DevOps has many more benefits than the agile software development process. In case of the latter, the development process progresses through four main stages – planning, coding, testing and release. The planning for the software development is done based on customer requirements and involves assigning various tasks to the stakeholders, like designing flowcharts, writing documentation, estimating timelines, etc. After the planning is done, the coding for the software development starts and a working prototype is created. The prototype is then tested in the third (testing) stage. The testing stage is the most important part of the agile software development life cycle because it can affect the overall quality of the software. This stage can also cause bottlenecks because the time required for software testing cannot be estimated precisely and could go beyond the project’s timeline.

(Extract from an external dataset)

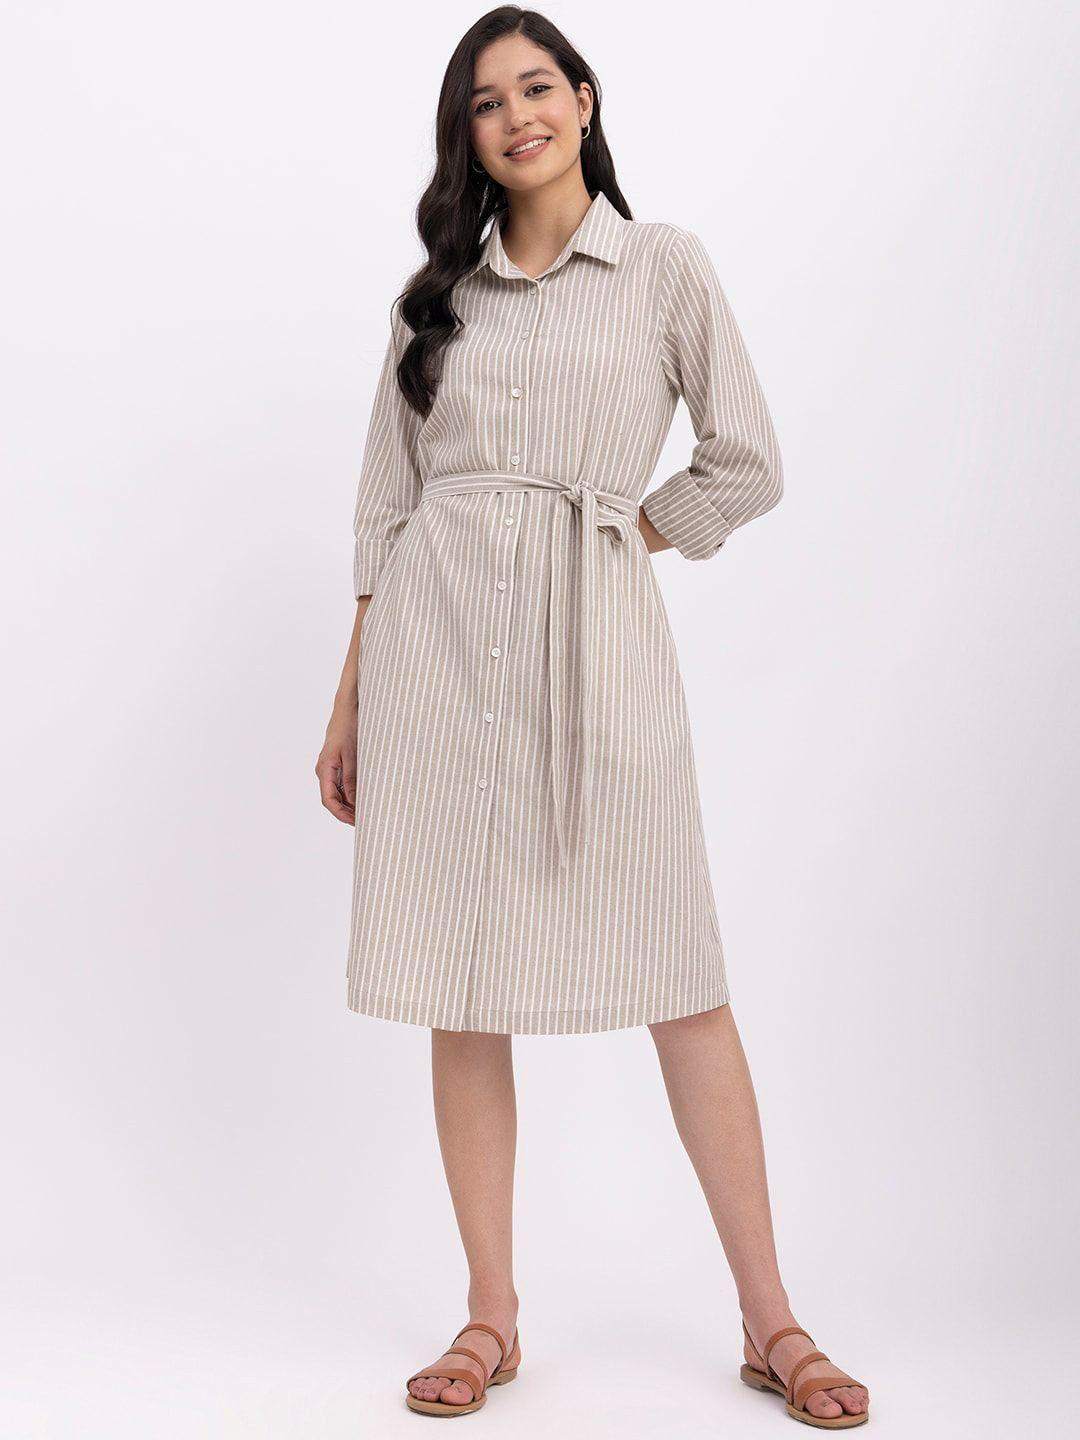 fablestreet striped linen shirt dress with belt

After successfully testing the software, it is then released to the customer in the fourth stage. However, if the customer finds any problems with the software, then the development team takes the customer’s feedback for another iteration of the development cycle. Then the whole development process takes place again, with the four stages, to improve the software and then it is released again, with another version number. Once again the customer’s feedback is taken, and if any improvements are required then the development cycle goes into the iteration stage again and the cycle keeps continuing until the software reaches maturity (a stable software). This type of development cycle could take an indefinite amount of time and causes delays in software development. That’s why using DevOps can make the development cycle quicker and more effective.

With DevOps, the development team communicates with the operations team and does not deal with the customers. In DevOps, only small chunks of code are continuously coded and tested, which prevents any bottlenecks or delays in delivering the code. DevOps provides continuous delivery and integration of the code. This is why it is better than agile software development.

As DevOps has many benefits over agile software development, many software companies are resorting to the DevOps culture. Because it provides continuous delivery and integration, DevOps can help software products and services to reach maturity in a very short period of time. DevOps is mainly suitable for the development of cloud computing products and services, because it needs collaboration between the development team and the IT operations team. As there is a growing demand for cloud computing products and services, DevOps is the right choice for most software companies and has a great future.